Кульдари подскочил, взвился над стулом, как пробка от шампанского. И тут же опустился на прежнее место.
— Товарищ Эдгар… — Звуки вырывались из него с шипением, в лицо Едиге летели мелкие брызги слюны. — Товарищ Эдгар… Не знаю, простите, вашей фамилии… — Кульдари отстегнул верхнюю пуговицу на рубашке, ослабил ворот, как бы освобождая шею от тугих тисков, и горделиво вскинул голову. — Я вас раскусил, товарищ Эдгар! Ваши утверждения говорят о тайной зависти, которую вы испытываете… Да, именно — зависти! Вы не смеете оскорблять мою литературную честь!
— Что вам за дело до литературы? — усмехнулся Едиге. — Почему вам не лежится дома, на теплой печке, в кругу детей и внуков?..
— Все ясно! — Кульдари дышал тяжело, с хрипом. — Эти слова до конца разоблачают ваш облик… Чуждый, гнилой облик… Но вы не имеете права!.. Никакого права — требовать, чтобы я отступился от литературы!
— Ничего я не требую, — сказал Едиге. — Я просто говорю, что думаю.
— Вы не слышали моих стихов!
— Не слышал, но догадываюсь. И промолчал бы, если бы не желал вам добра.
— Вы?.. Добра?.. Мне?.. — Однако Кульдари слегка приутих. — Я прочту пролог из пятой книги «Хамсы». Если не возражаете…
— Не возражаю.
Кульдари, пасмурный, как грозовая туча, поднялся со стула, мрачно откашлялся, прочищая горло. Затем, устремив куда-то в пространство глаза с выцветшими, белесыми зрачками, вскинул над головой тощий кулак:
Наше время, летящее вперед,
Прямо к Марсу мчащее вперед!
Мы, Луну оставив позади,
К Солнцу направляем свой полет!..
Он не то сбился, забыл продолжение, не то ему хотелось увидеть, какое действие оказали на Едиге первые строчки, но Кульдари выжидающе смолк, повернувшись к своему слушателю.
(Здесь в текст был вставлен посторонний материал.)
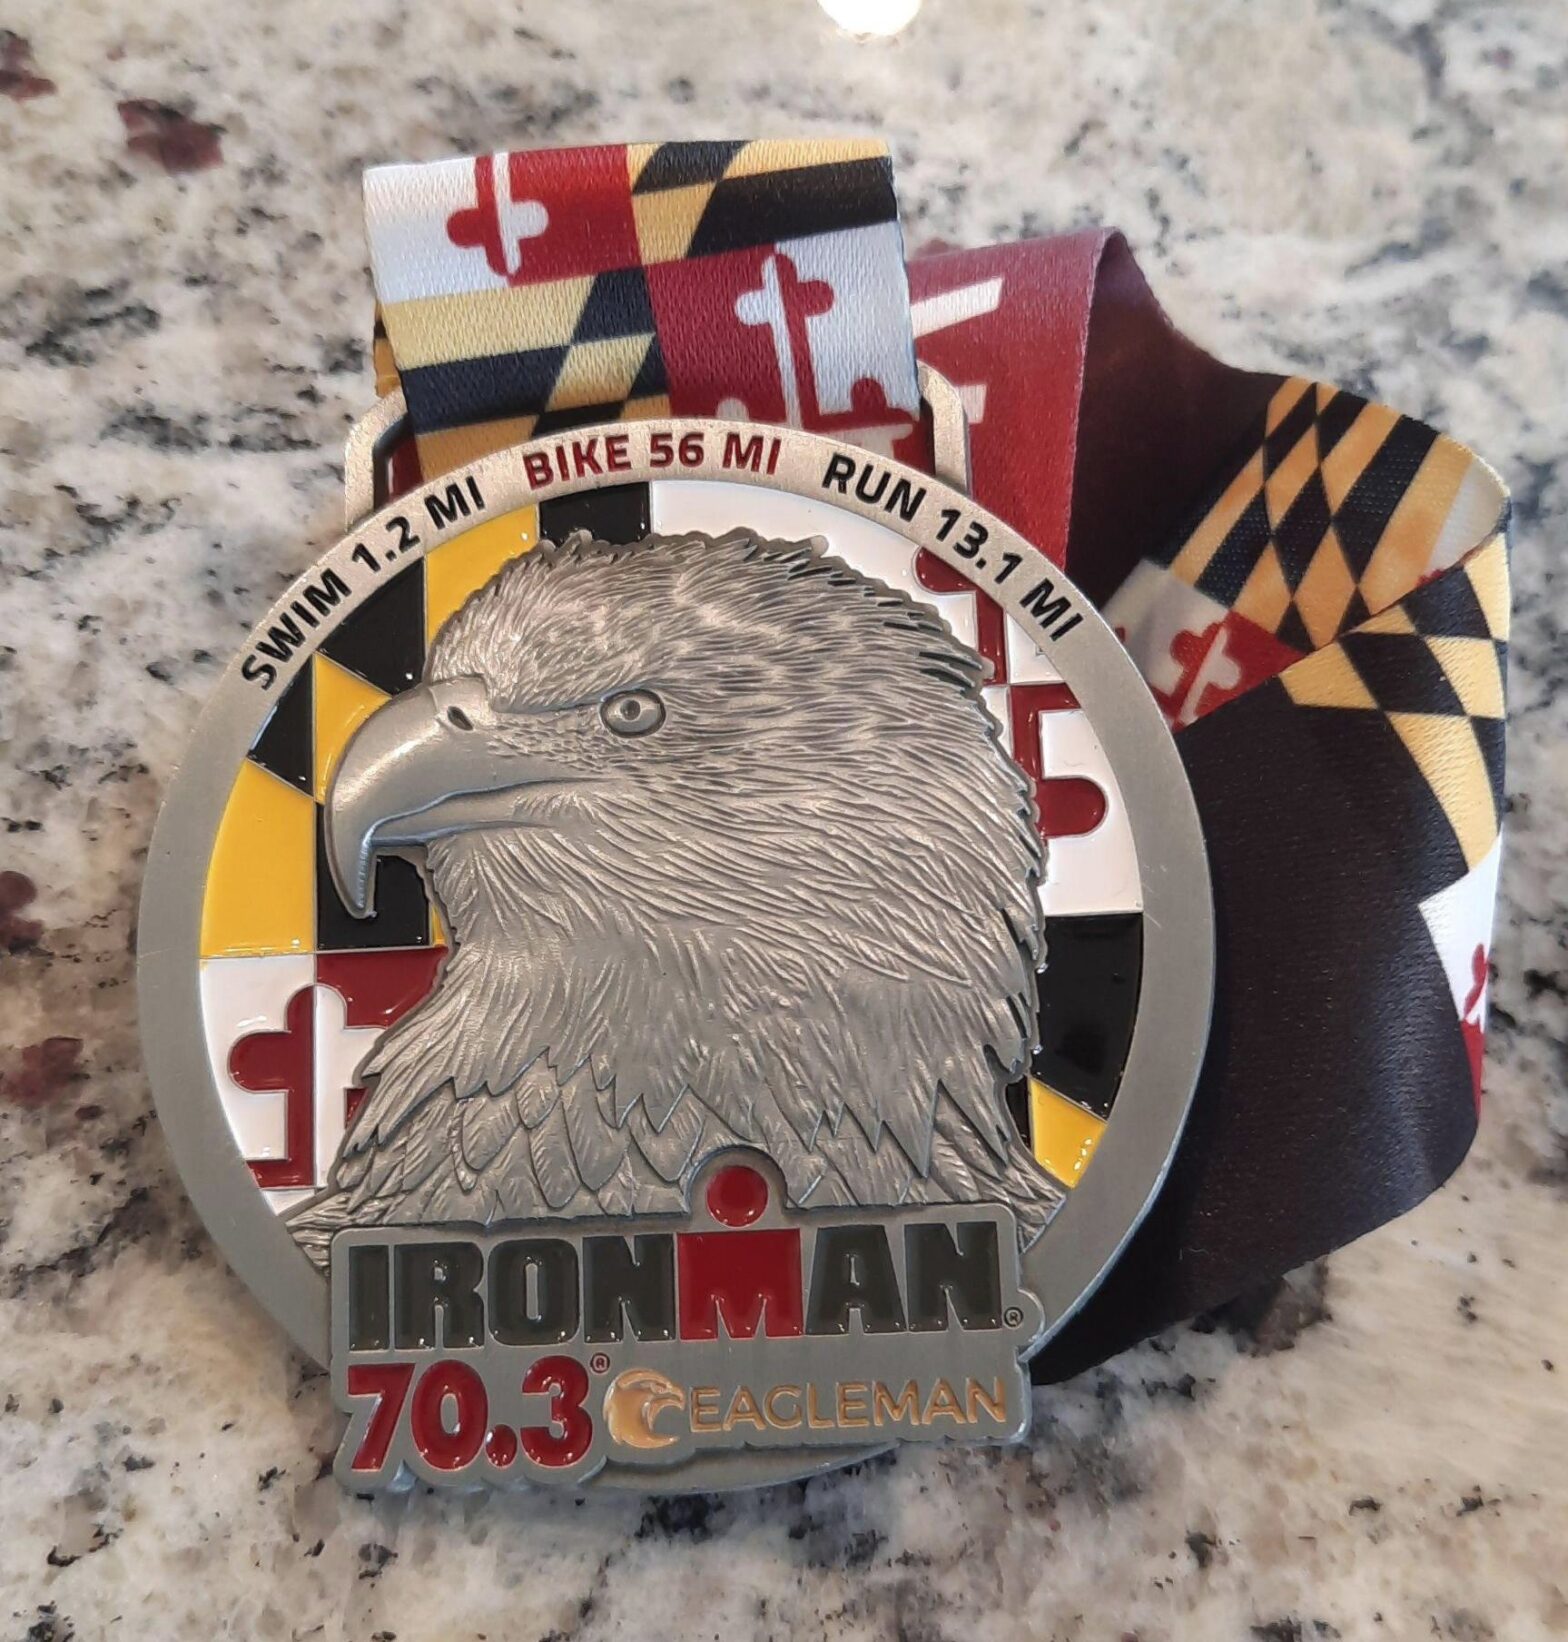 2023 Eagleman finisher's medal

— Это не стихи, — сказал Едиге.
Ему казалось, Кульдари набросится на него чуть не с кулаками. Пожалуй, тогда ему было бы легче… Но старик не вымолвил ни слова. Он только вдруг согнулся, как если бы в поясницу ему вонзилась пуля, и рухнул на стул.
— Почему?.. — Он выговорил это слово после продолжительного молчания. Голос его едва звучал, губы почти не шевелились.
— Тут и малому ребенку понятно — почему.
— Нет, вы мне докажите, докажите… — Кульдари внезапно оправился, оживился. — Нельзя же так, без всяких доказательств…
Едиге пожал плечами.
— Что ж, если хотите…
Он произнес короткую лекцию — о современной поэзии, строении стиха, о великих традициях и слепом эпигонстве, о правде жизни и мертвой риторике… Он стремился к простоте и ясности, но местами запинался, ощущая нечто похожее на неловкость, даже стыд — за свои знания, свою университетскую образованность, свою полную сил и надежд молодость — за все, чем владел он сам и чего никогда уже не будет иметь этот старик — честолюбивый, бездарный и несчастный… Он чувствовал себя так, будто в чем-то виноват перед ним…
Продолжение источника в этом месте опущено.